=== Given material ===

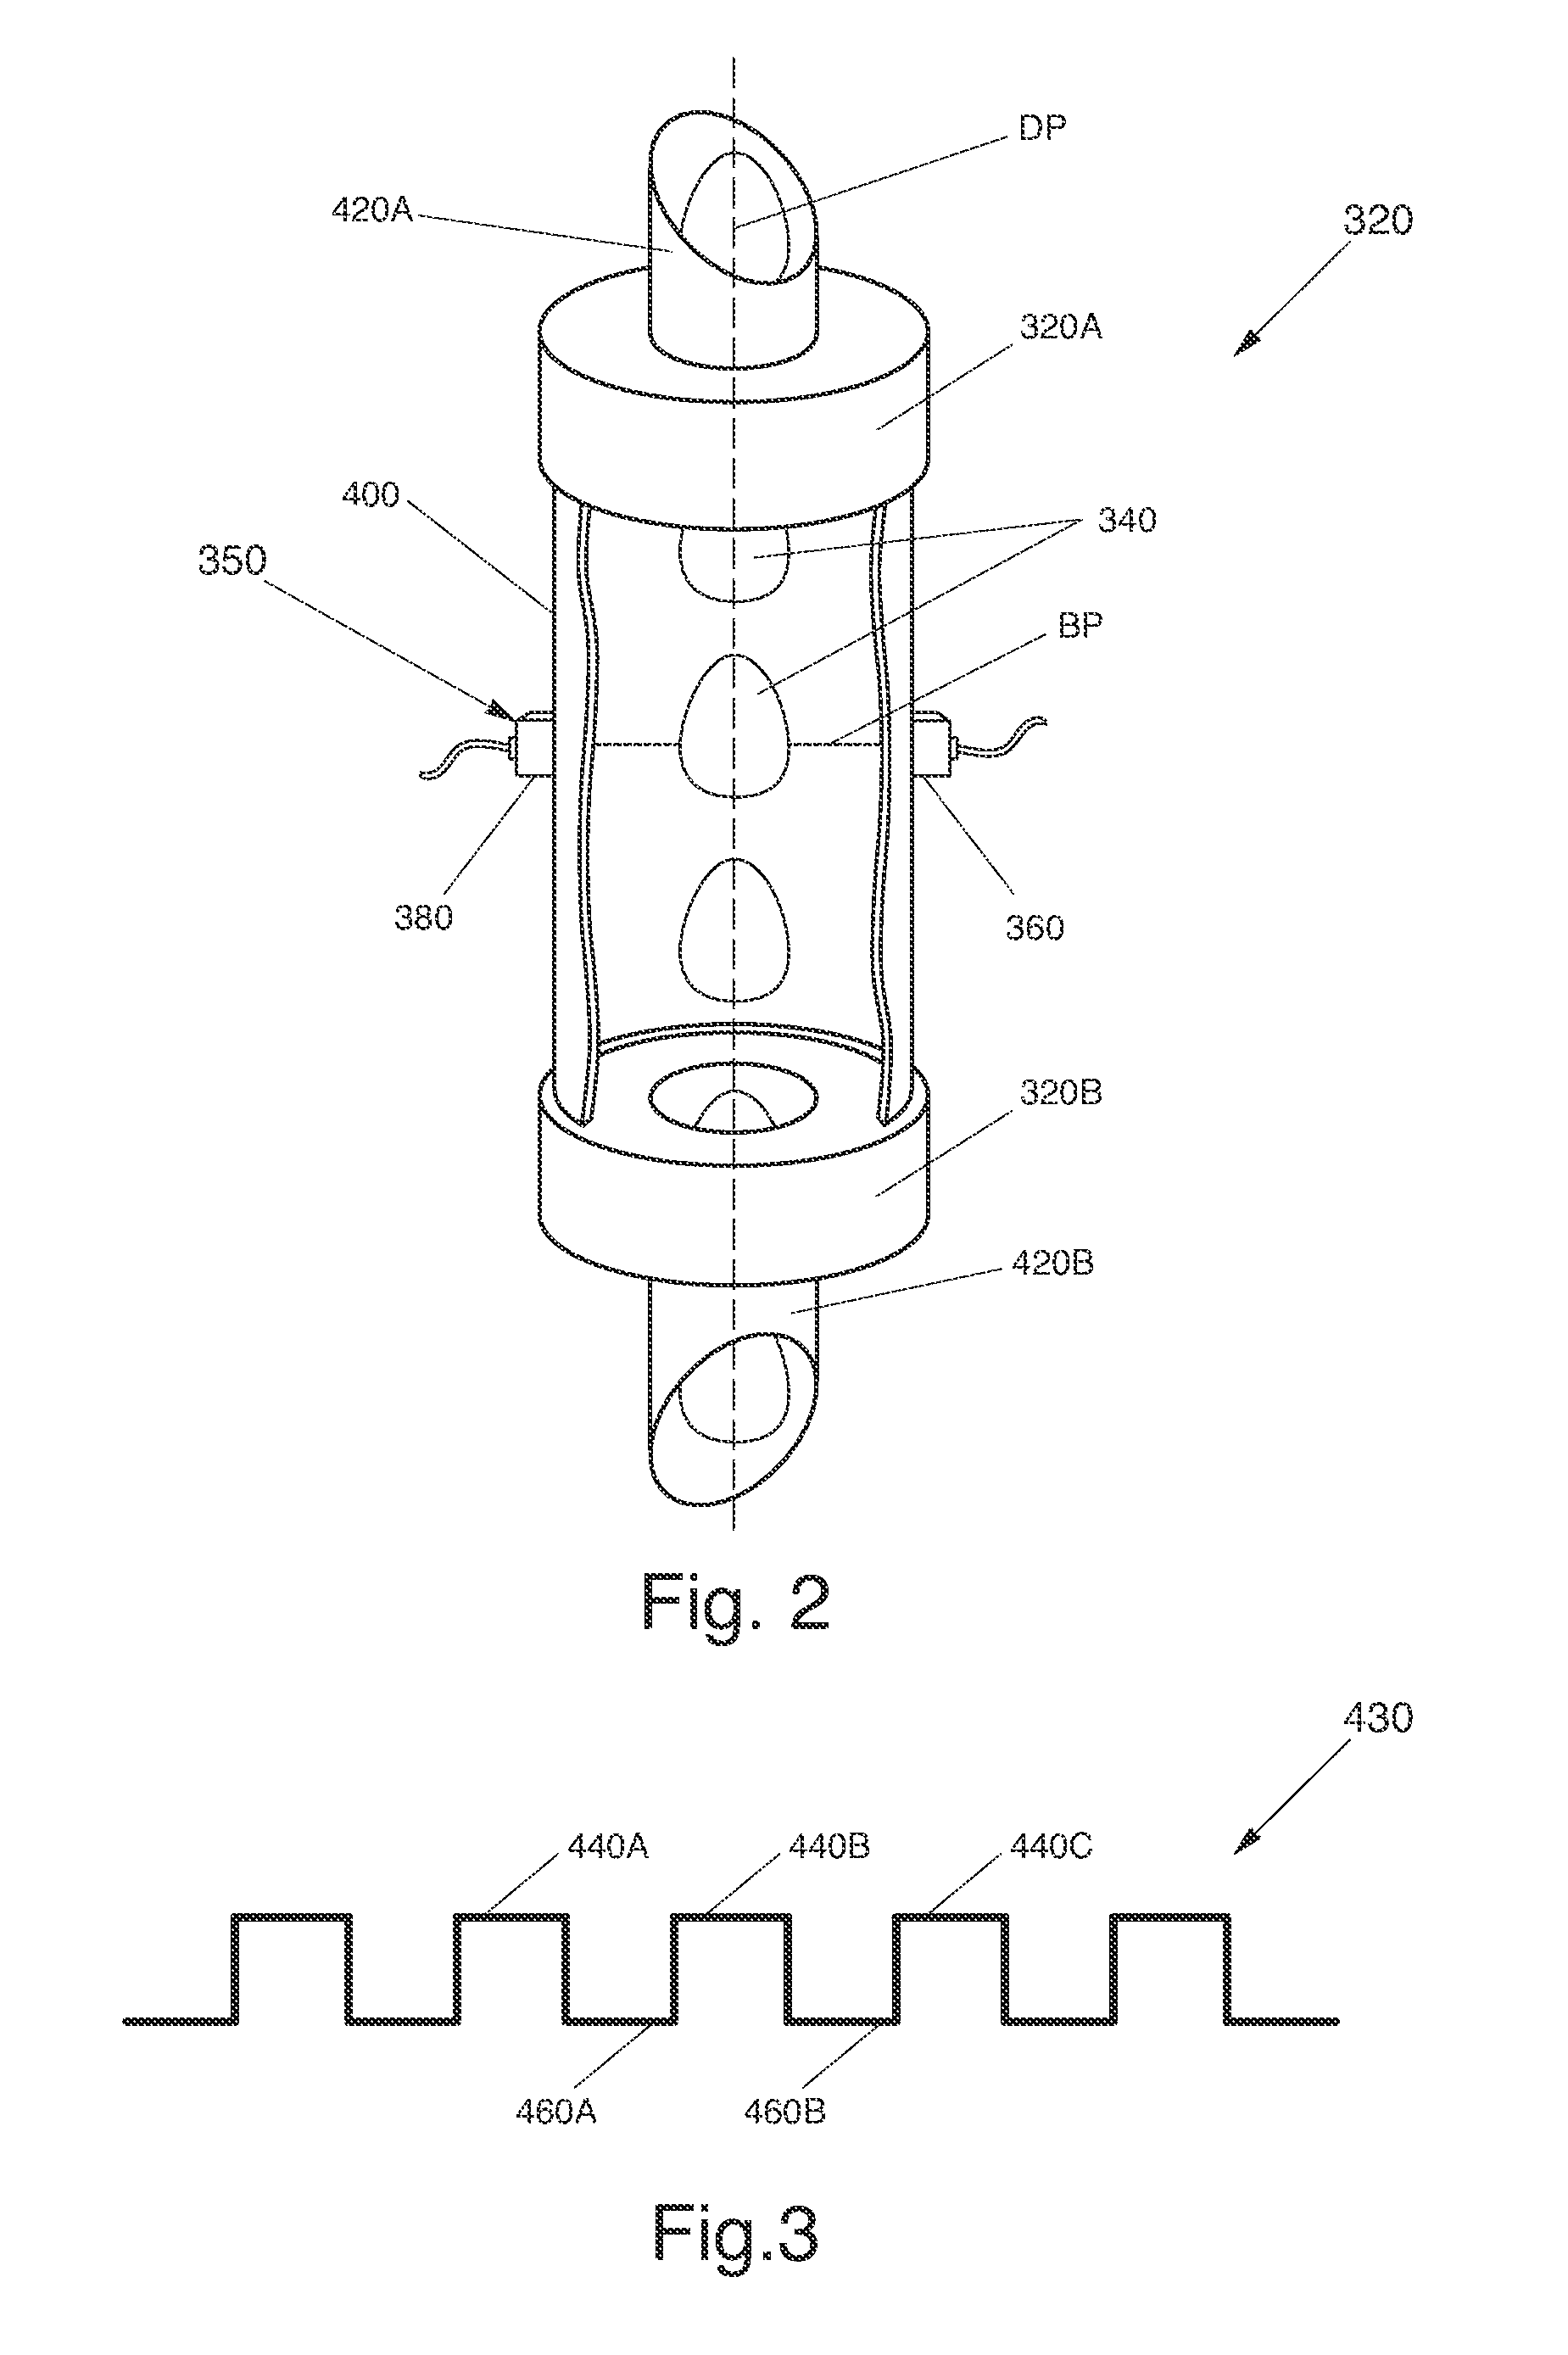 Method of operating an infrared drip sensor in an enteral pump system to reduce false alarm conditions
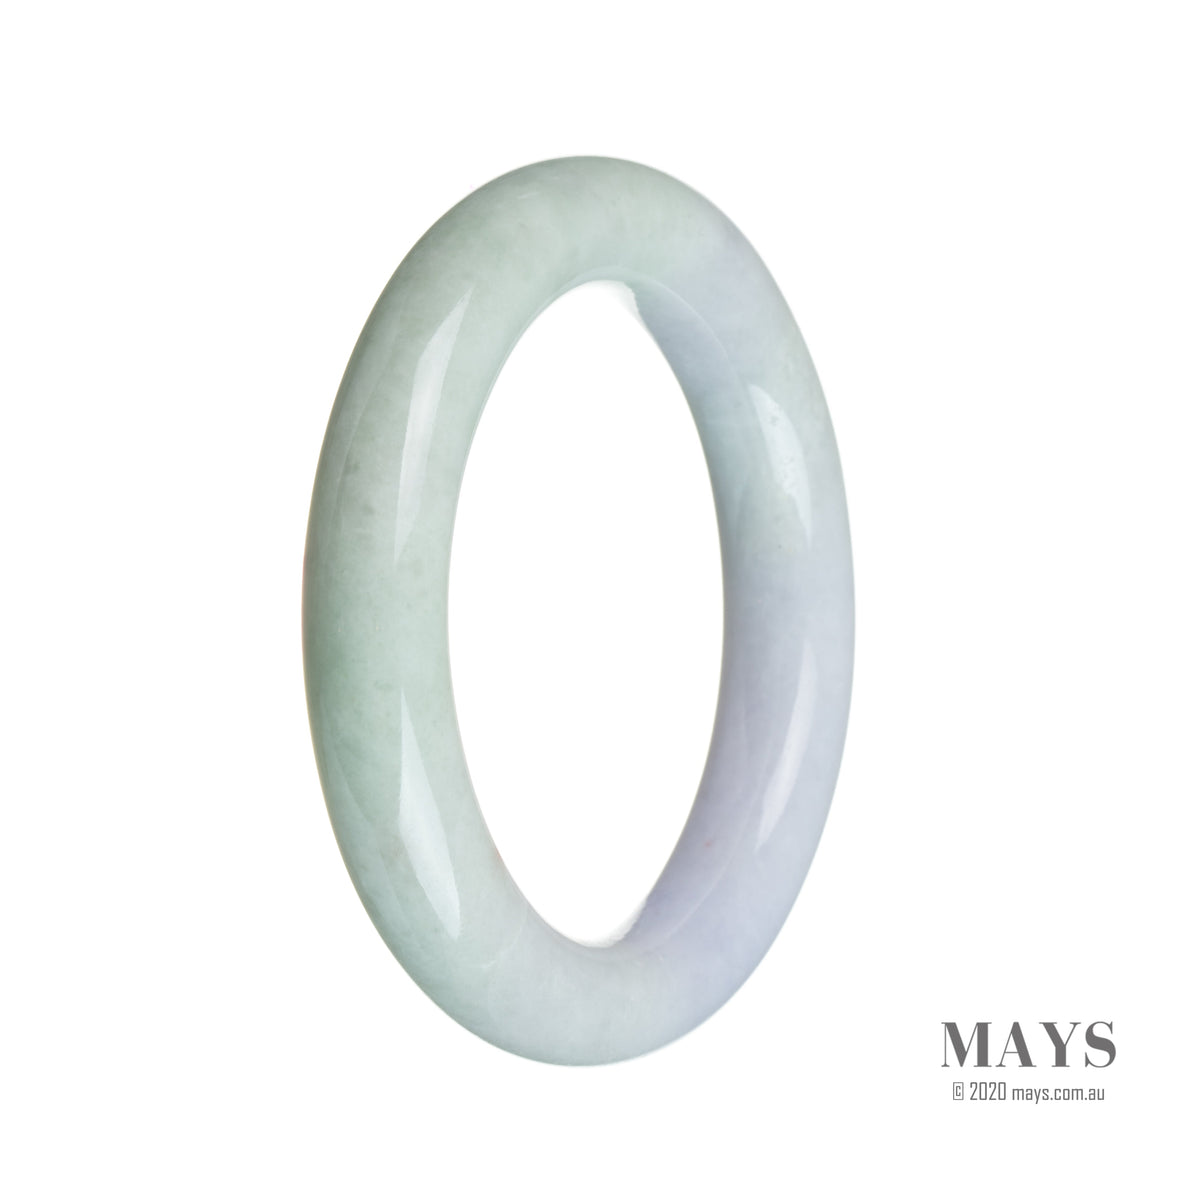 A close-up image of a round bangle bracelet made from green Jadeite Jade, adorned with genuine natural lavender flowers. The bracelet has a diameter of 54mm.
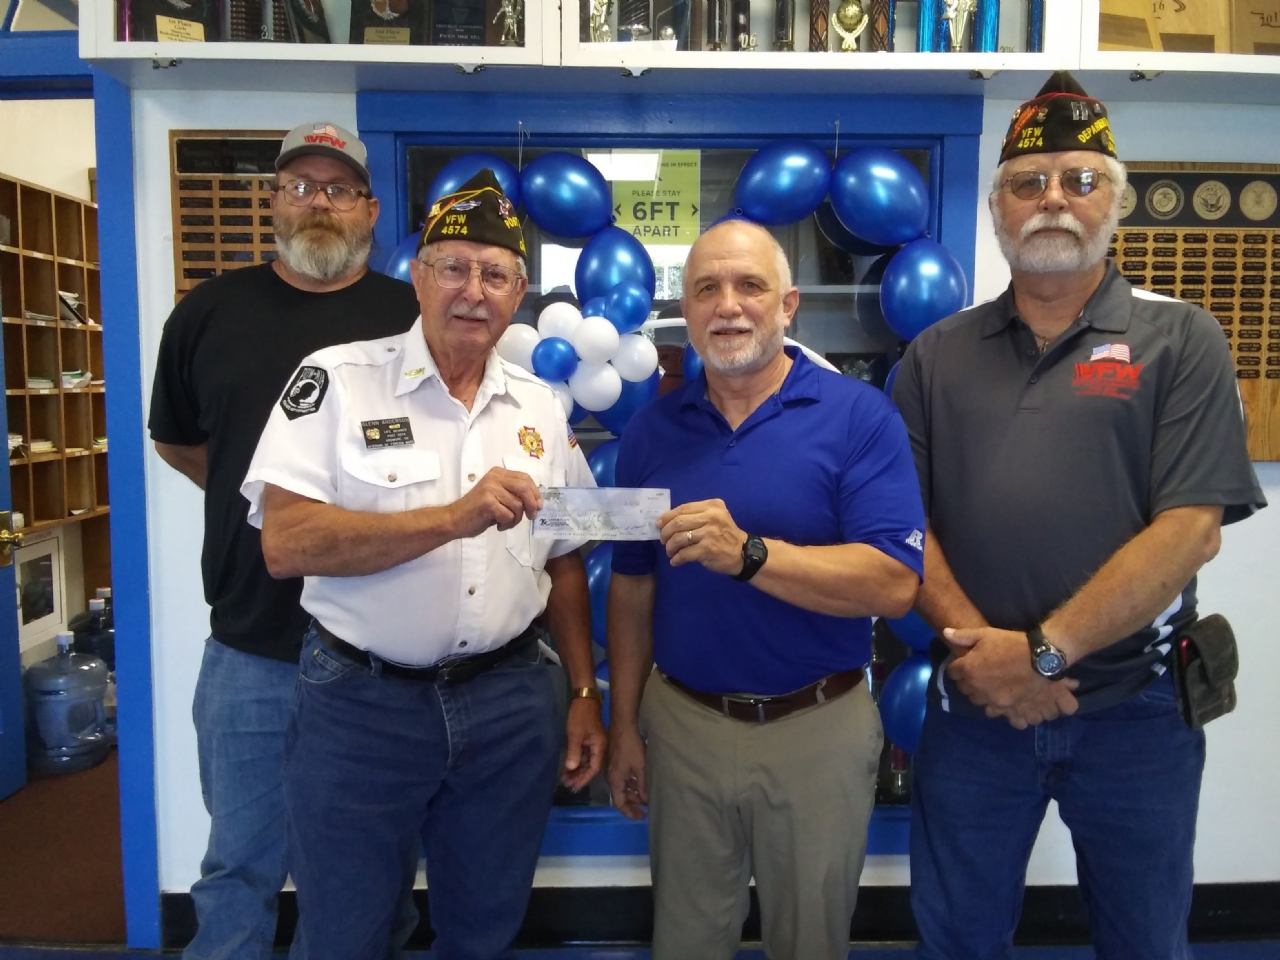 Carter County Memorial VFW Post 4574 was proud to present a $1000.00 check to Greenville Public Schools to help purchase classroom and school supplies this past Wednesday. 
  We appreciate the support of our Community through our various fundraisers. This allows us to not only help local Veterans but to put back into our Communities through our Youth Programs like this and our annual Voice of Democracy and Patriots Pen Essay Scholarship contest. We must continue to invest in the future of our youth. Thank You Greenville Schools for allowing us to do so.

===

## What is needed
Your task is an exact transcription of all the data, minus the pictures.

## Response to the exercise
 Method of operating an infrared drip sensor in an enteral pump system to reduce false alarm conditions
 A close-up image of a round bangle bracelet made from green Jadeite Jade, adorned with genuine natural lavender flowers. The bracelet has a diameter of 54mm.
 Carter County Memorial VFW Post 4574 was proud to present a $1000.00 check to Greenville Public Schools to help purchase classroom and school supplies this past Wednesday. 
  We appreciate the support of our Community through our various fundraisers. This allows us to not only help local Veterans but to put back into our Communities through our Youth Programs like this and our annual Voice of Democracy and Patriots Pen Essay Scholarship contest. We must continue to invest in the future of our youth. Thank You Greenville Schools for allowing us to do so.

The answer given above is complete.